Oxygen is paid for and provided in a different way than most medications. The government considers it to be “equipment,” putting it in the same category as wheelchairs, walkers, commodes, and the like. Lumping oxygen with essential but non-lifesaving equipment has had unforeseen consequences.

To reduce equipment expenditures, back in 2011 the Centers for Medicare and Medicaid Services implemented a competitive bidding program that forces durable medical equipment companies to compete for contracts. To land bids, companies have had to agree to ever-lower reimbursement for their services. Today, winning a bid can mean losing money, especially in rural settings where suppliers serve few patients over large areas. As a result, 41% of durable medical equipment companies closed between 2013 and 2017. Those that remain have cut costs by reducing selection, patient education, and delivery days, which has generally led to poor service.

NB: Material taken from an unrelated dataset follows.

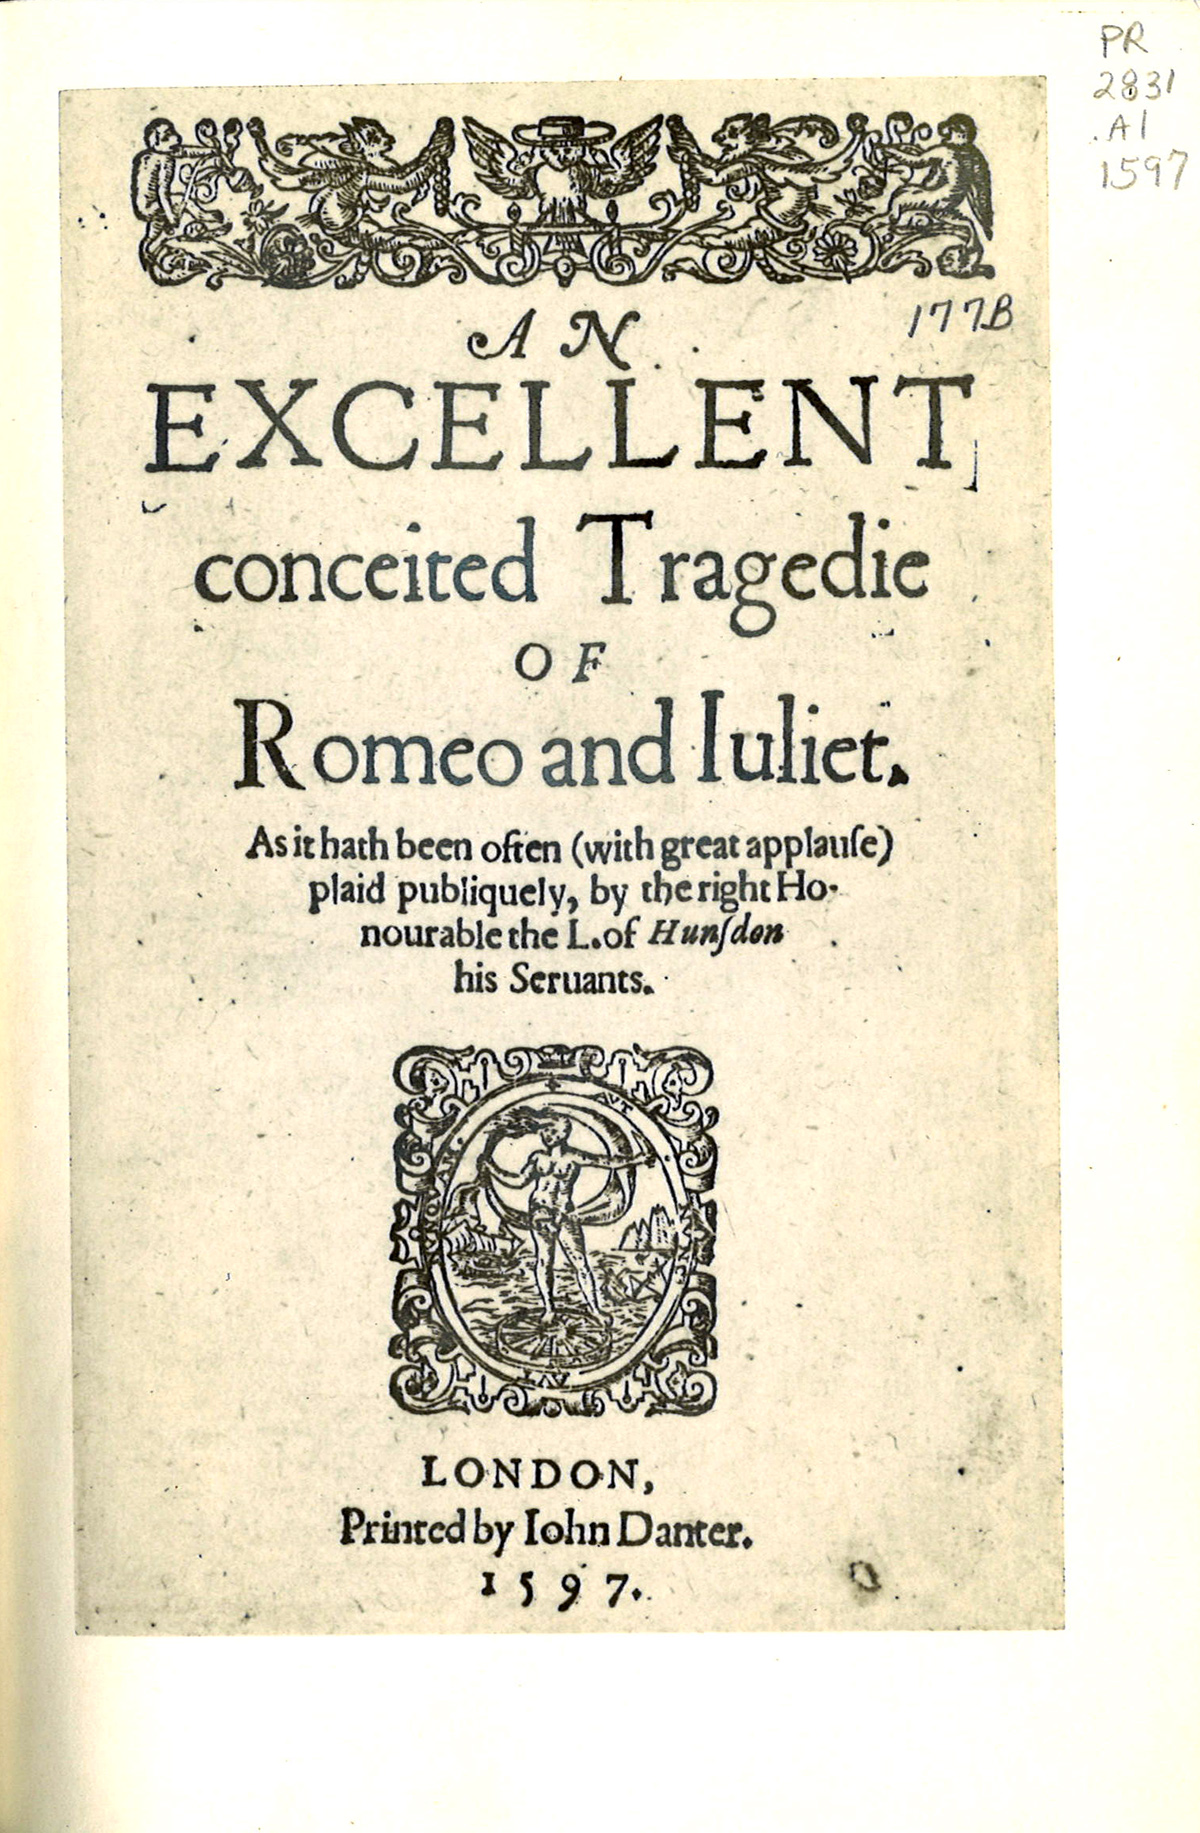 Title page from facsimile of 1597 version of Shakespeare's Romeo and Julie

This brings us back to Mr. E. The company we initially ordered his portable oxygen concentrator from had stopped carrying the devices, something we learned more than a week after placing the order. A different supplier turned us down because the portable concentrator it carried wasn’t able to deliver oxygen at the rate Mr. E needed. Our next order was rejected because the company would provide Mr. E with a portable oxygen concentrator only if it also provided his home oxygen. So we submitted a fourth order, this time for both a portable concentrator and home oxygen, even though Mr. E already had the latter from a different company. Three phone calls later, we were promised everything would be delivered within 24 hours.

It took five days.

This is unacceptable. It’s not OK for Mr. E and it’s not OK for the other Americans who need oxygen therapy.

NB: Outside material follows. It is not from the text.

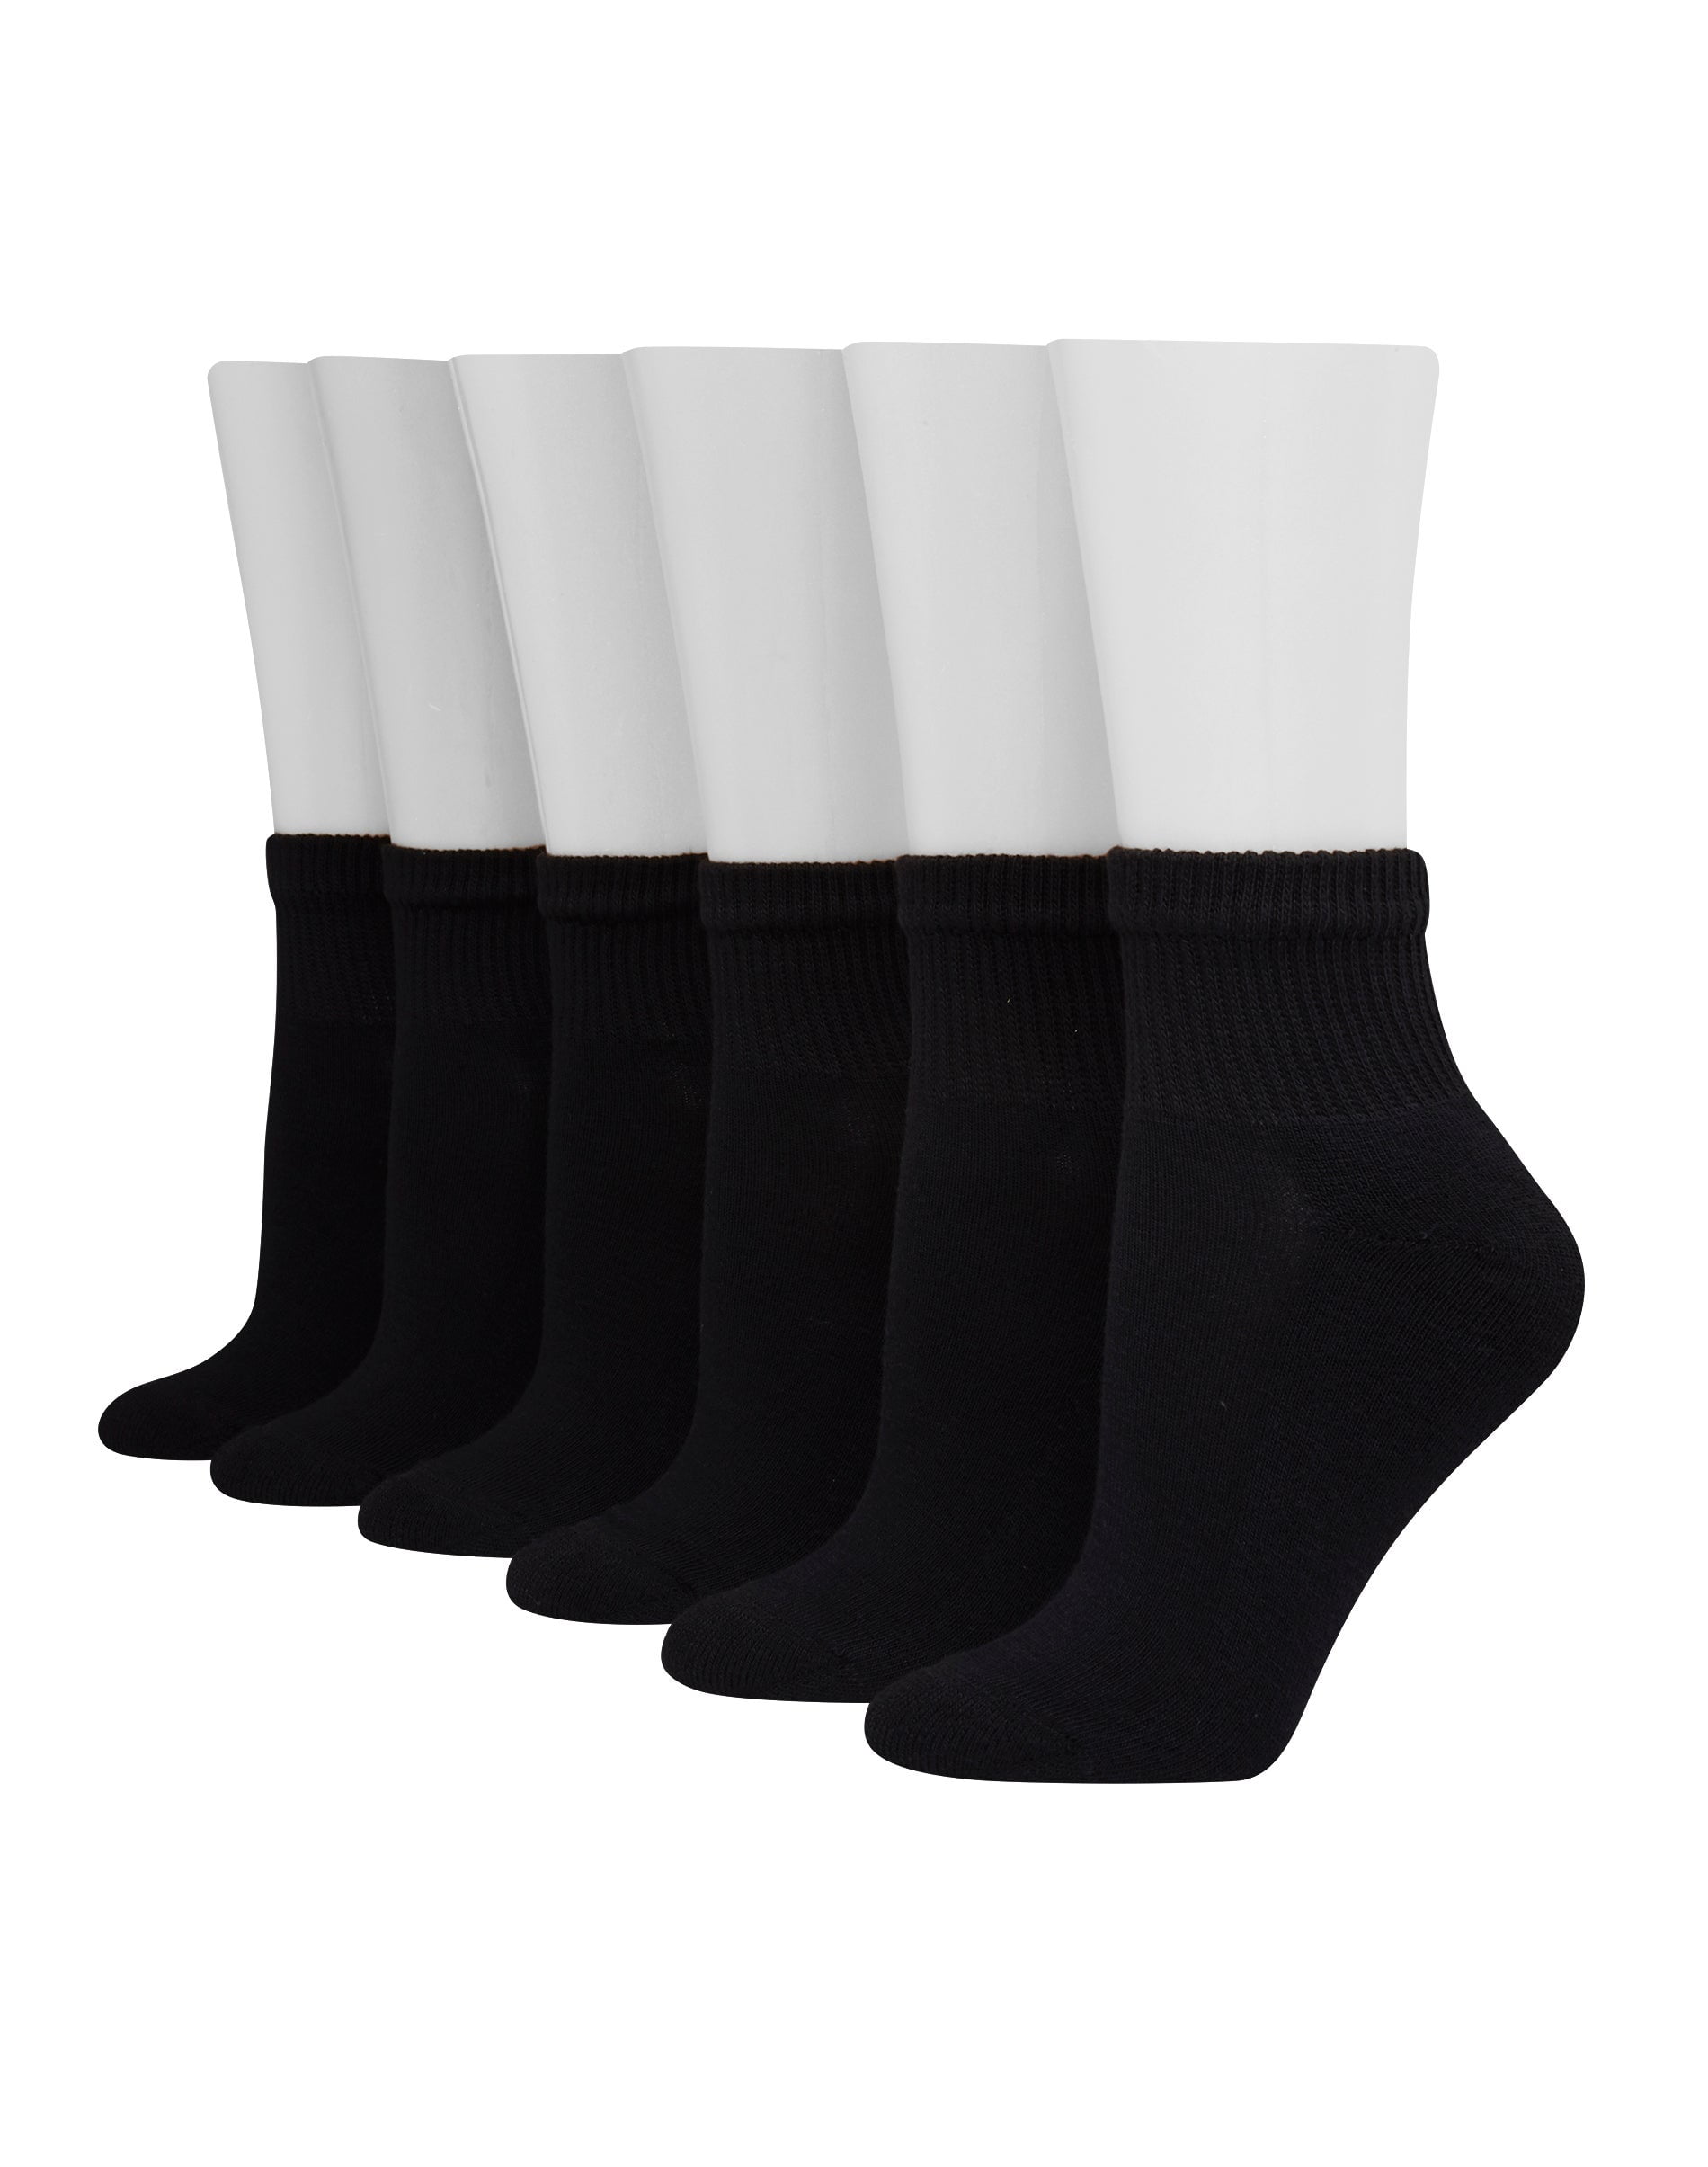 Hanes Ultimate Women's Ankle Socks, Cushioned, 6-Pairs Black 9-11 ...

We all need oxygen: whether we are fit, healthy, and trying to summit Everest or disadvantaged, ill, and trying to earn a living at sea level. It’s time to reconsider the wisdom of lumping lifesaving oxygen therapy with mobility devices and commodes. New payment models are needed to provide incentives for companies to institute high-quality service. Until reimbursement improves, it will be hard to expect much of oxygen suppliers. Current reimbursement makes good service a losing proposition.

Brian Block, M.D., and Neeta Thakur, M.D., are pulmonary and critical care physicians at Zuckerberg San Francisco General Hospital. Thakur is also a faculty member with the Center for Vulnerable Populations, which is based at the hospital, and a participant in the OpEd Project.